Re: Friday joke thread
Posted: Fri Jun 29, 2012 11:26 am
by LeftfootlegendGooner
The lead actor in the local pantomime, Aladdin, was sexually abused from behind on stage last night.
To be fair the audience did try to warn him!!!
Re: Friday joke thread
Posted: Fri Jun 29, 2012 11:49 am
by LeftfootlegendGooner
I went for a job interview recently and was asked what i think my greatest weaknesses are.
I replied "well i often have trouble with reality; you know?
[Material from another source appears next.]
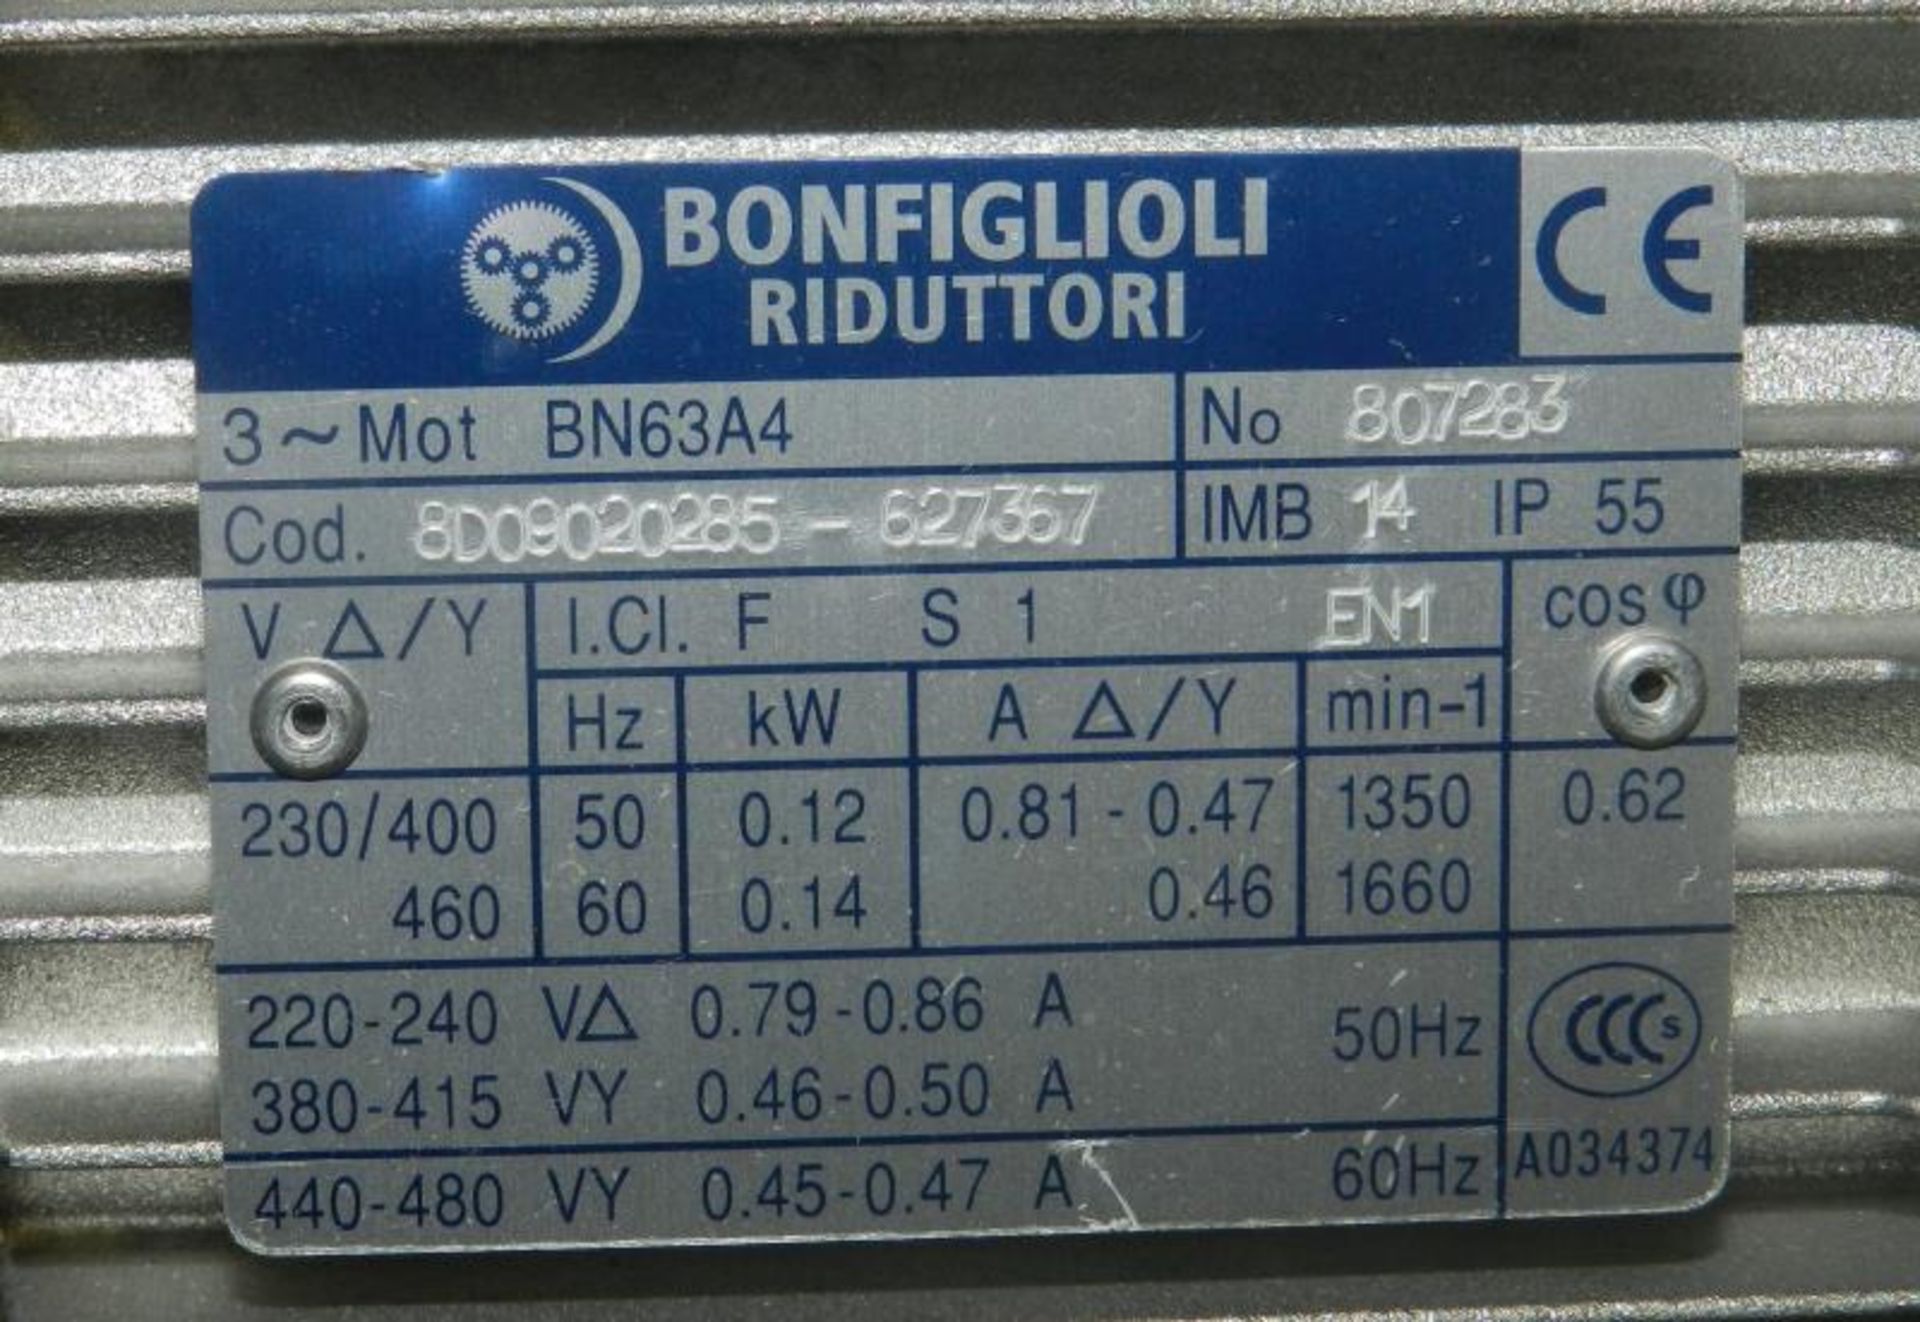 Bonfiglioli Riduttori BN63A4 Motor 0.12/0.14 kW w/ Encoder ~ New in Box - Image 4 of 4

Being able to tell whats real and what is a surreal idealistic formed in my head".
"Very interesting" replied the interviewer, "what about your strengths?"
"I'm Batman"
Re: Friday joke thread
Posted: Fri Jun 29, 2012 11:53 am
by LeftfootlegendGooner
When I divorced the wife, she said I'd have to fight her for custody of the kids.
I knocked her out with my first punch!!!
Re: Friday joke thread
Posted: Fri Jun 29, 2012 11:59 am
by I Hate Hleb
Re: Friday joke thread
Posted: Fri Jun 29, 2012 12:03 pm
by flash gunner
LeftfootlegendGooner wrote:Just walked out of my job at the helium balloon factory. There's just no way i'm being spoken to like that!

Re: Friday joke thread
Posted: Fri Jun 29, 2012 12:18 pm
by Rosie_titters
LFG are you Tim Vine in disguise

Re: Friday joke thread
Posted: Fri Jun 29, 2012 12:18 pm
by LeftfootlegendGooner
I met my new girlfriends parents for the first time last night and her Dad pulled me to one side and said if I hurt her I will have him to answer to.
I reassured him though when I said I had a tiny cock and she had a bum hole like a well worn welly.
Re: Friday joke thread
Posted: Fri Jun 29, 2012 12:22 pm
by LeftfootlegendGooner
Rosie_titters wrote:LFG are you Tim Vine in disguise


no but he is very funny, well to me he is

Re: Friday joke thread
Posted: Fri Jun 29, 2012 12:23 pm
by I Hate Hleb
Re: Friday joke thread
Posted: Fri Jun 29, 2012 12:26 pm
by LeftfootlegendGooner
No comment

Re: Friday joke thread
Posted: Fri Jun 29, 2012 12:27 pm
by LeftfootlegendGooner
When I heard Stephen Hawking had hit 70 I thought jeez, that wheelchair can really fly!!!